De evangelielezing is omkranst met Saul en Paulus, die beiden te maken krijgen met wat niet planbaar is. Saul gaat in vervoering raken en kan dán, als hij alle berekening loslaat, doen wat zijn hart hem ingeeft. De Eeuwige heeft hem volgens 1 Samuel 10:1 gezalfd tot vorst, niet over zijn eigen volk, maar over dat van de Eeuwige. We weten uit het vervolg dat hij uit Gods genade zal vallen als de berekening toeslaat en als hij inmiddels leeft alsof hij over zijn eigen toko regeert, als controle het heeft gewonnen van overgave.

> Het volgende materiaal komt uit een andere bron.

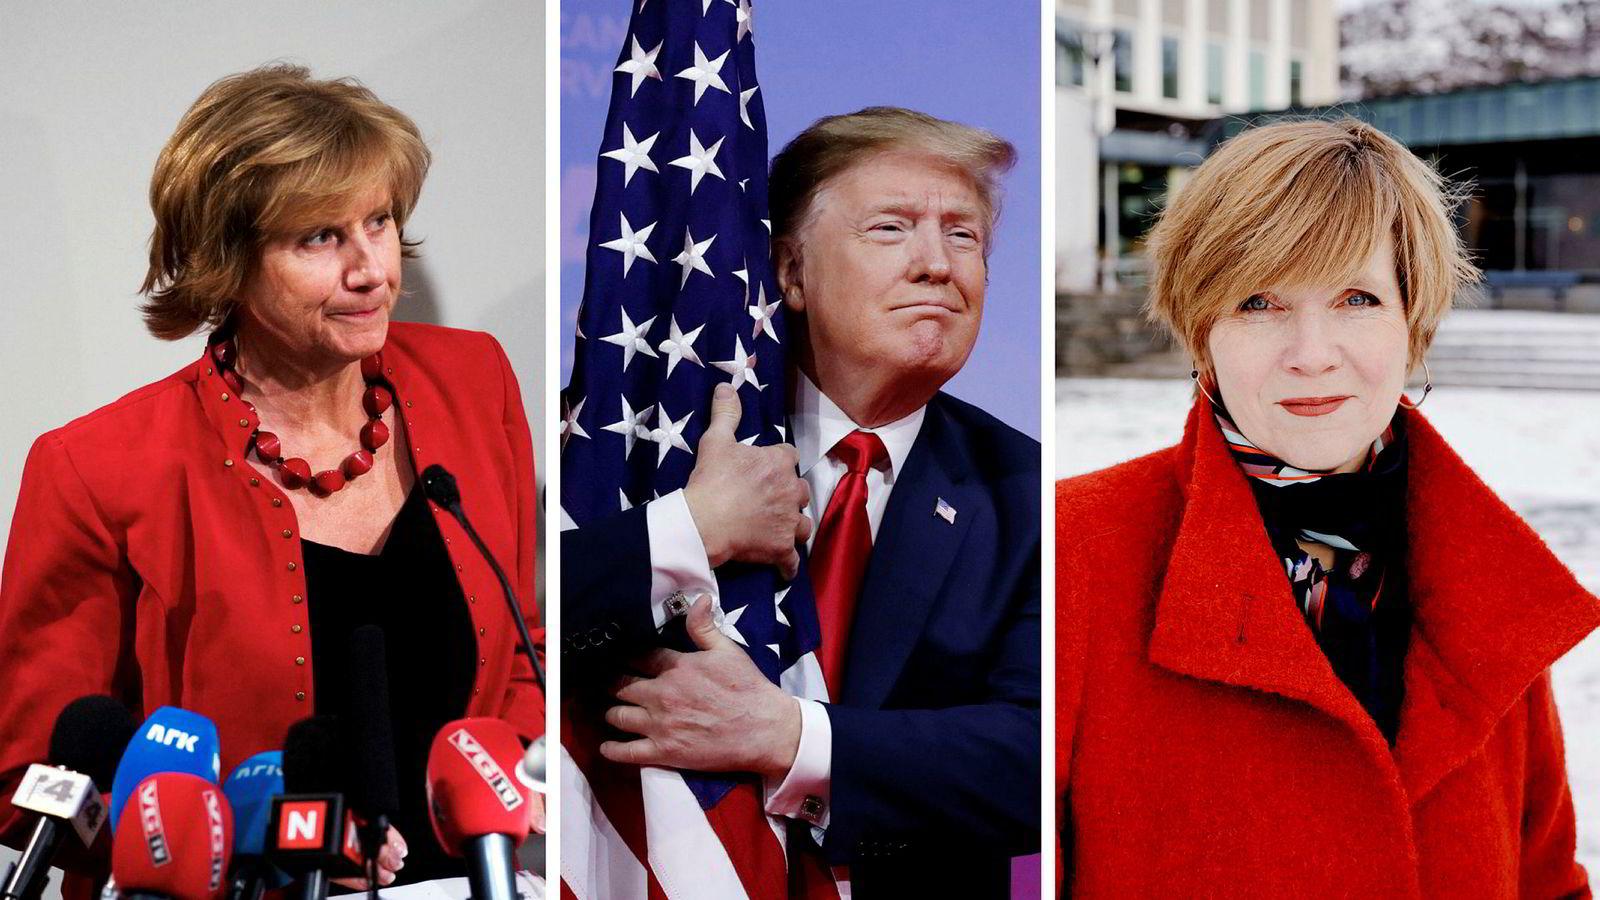 Det er ikke alle sjefer som er like gode til å lytte på råd. Fra venstre: tidligere LO-leder Gerd-Liv Valla, USAs president Donald Trump og tidligere SSB-direktør Christine B. Meyer.

Ook bij Paulus gaat het om overgave. Zijn plannen zijn niet uitgekomen. Hij is niet in Korinte langs geweest, terwijl hij die stad had willen bezoeken op een reis die heel anders is uitgepakt. Hij vraagt begrip. De navolging van Christus is maar heel beperkt planbaar – dat is belangrijke stof tot nadenken voor de Veertigdagentijd, als we ons reinigen voor het feest en dus ook onze controledwang afleggen. Volgens Paulus staat vast dat Christus het ‘ja’ in persoon is en dat hij daarin wil delen. Geen berekening, maar overgave: ja!

Deze exegese is opgesteld door Piet van Veldhuizen.